Creating a new image from the sandbox
Once everything you need is installed inside the container, you need to convert it back to a read-only singularity image with:
singularity build pytorch_final.simg pytorch
Second way: Use recipes
A singularity recipe is a file including specifics about installation software, environment variables, files to add, and container metadata. It is a starting point for designing any custom container. Instead of pulling a container and installing your packages manually, you can specify in this file the packages you want and then build your container from this file.
Here is a toy example of a singularity recipe installing some stuff:
################# Header: Define the base system you want to use ################
# Reference of the kind of base you want to use (e.g., docker, debootstrap, shub).
Bootstrap: docker
# Select the docker image you want to use (Here we choose tensorflow)
From: tensorflow/tensorflow:latest-gpu-py3
################# Section: Defining the system #################################
# Commands in the %post section are executed within the container.
%post
echo "Installing Tools with apt-get"
apt-get update
apt-get install -y cmake libcupti-dev libyaml-dev wget unzip
apt-get clean
echo "Installing things with pip"
pip install tqdm
echo "Creating mount points"
mkdir /dataset
mkdir /tmp_log
mkdir /final_log
# Environment variables that should be sourced at runtime.
%environment
# use bash as default shell
SHELL=/bin/bash
export SHELL
A recipe file contains two parts: the header
and sections
. In the
header
you specify which base system you want to use, it can be any docker
or singularity container. In sections
, you can list the things you want to
install in the subsection post
or list the environment’s variable you need
to source at each runtime in the subsection environment
. For a more detailed
description, please look at the singularity documentation.
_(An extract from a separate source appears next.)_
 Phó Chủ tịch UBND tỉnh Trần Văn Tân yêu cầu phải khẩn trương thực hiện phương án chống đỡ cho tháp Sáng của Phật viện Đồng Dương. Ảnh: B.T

In order to build a singularity container from a singularity recipe file, you should use:
sudo singularity build <NAME_CONTAINER> <YOUR_RECIPE_FILES>
Warning
You always need to use sudo when you build a container from a recipe. As there is no access to sudo on the cluster, a personal computer or the use singularity hub is needed to build a container
Build recipe on singularity hub
Singularity hub allows users to build containers from recipes directly on singularity-hub’s cloud meaning that you don’t need to build containers by yourself. You need to register on singularity-hub and link your singularity-hub account to your GitHub account, then:
Create a new github repository.
Add a collection on singularity-hub and select the github repository your created.
Clone the github repository on your computer.
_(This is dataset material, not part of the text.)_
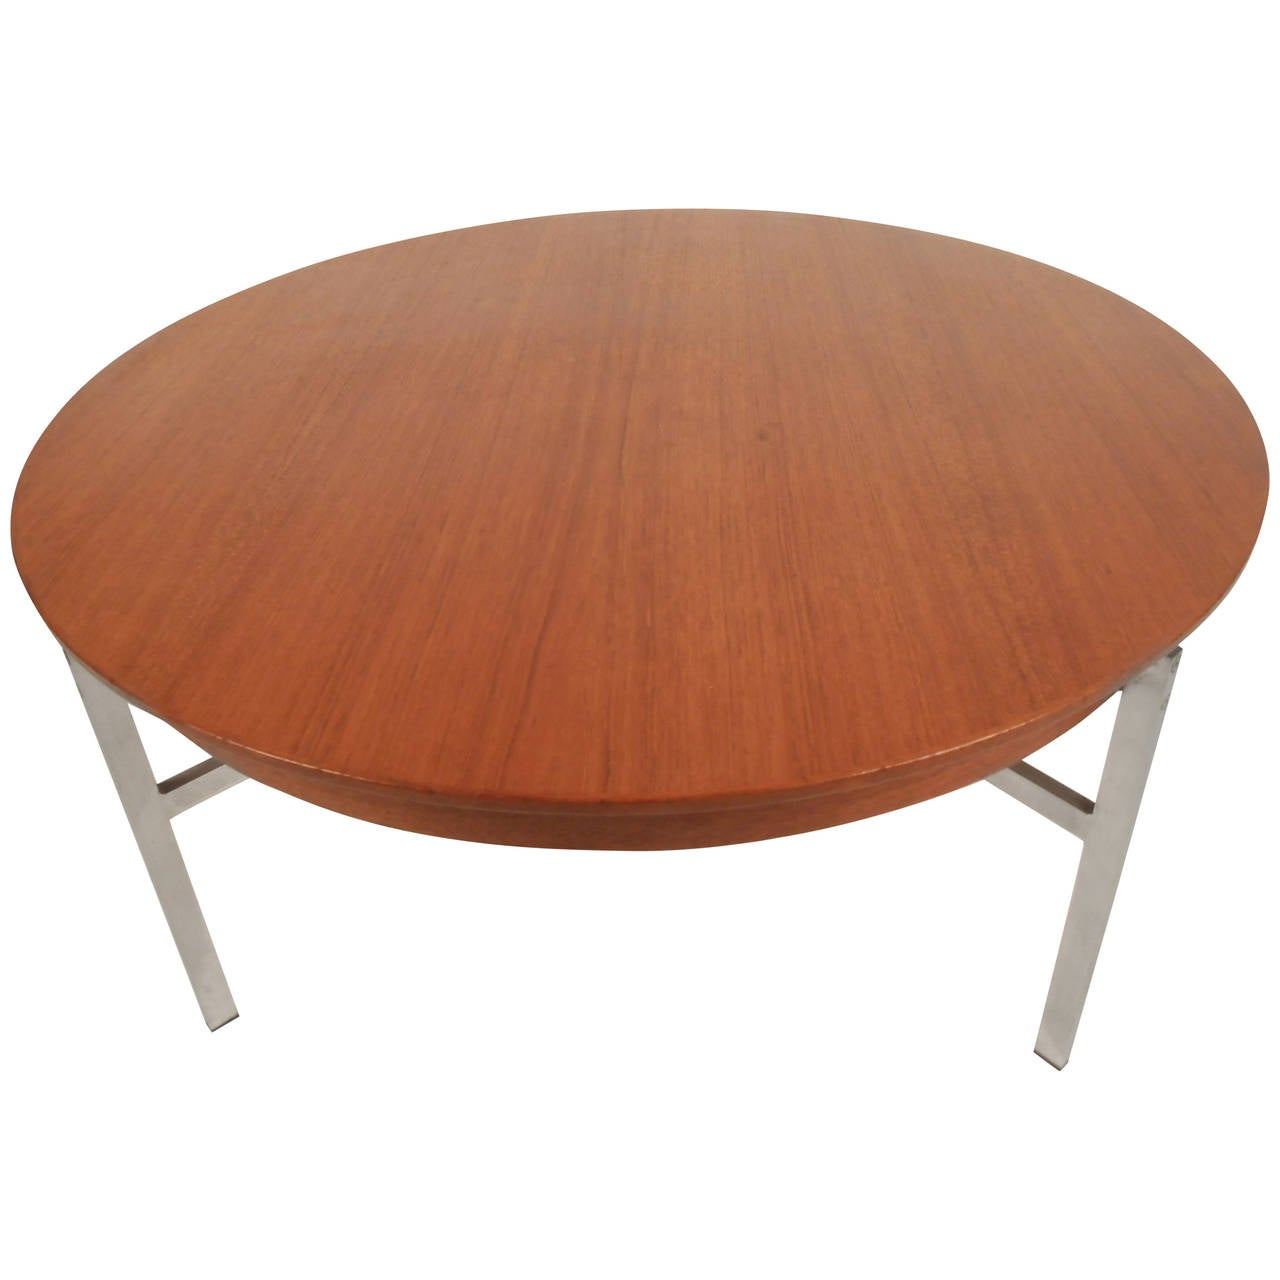 Mid-Century Modern Teak and Steel Coffee Table

$ git clone <url>Write the singularity recipe and save it as a file named Singularity.
Git add Singularity, commit and push on the master branch
$ git add Singularity $ git commit $ git push origin master
At this point, robots from singularity-hub will build the container for you, you will be able to download your container from the website or directly with:
singularity pull shub://<github_username>/<repository_name>
Example: Recipe with OpenAI gym, MuJoCo and Miniworld
Here is an example on how you can use a singularity recipe to install complex environment such as OpenAI gym, MuJoCo and Miniworld on a PyTorch based container. In order to use MuJoCo, you’ll need to copy the key stored on the Mila cluster in /ai/apps/mujoco/license/mjkey.txt to your current directory.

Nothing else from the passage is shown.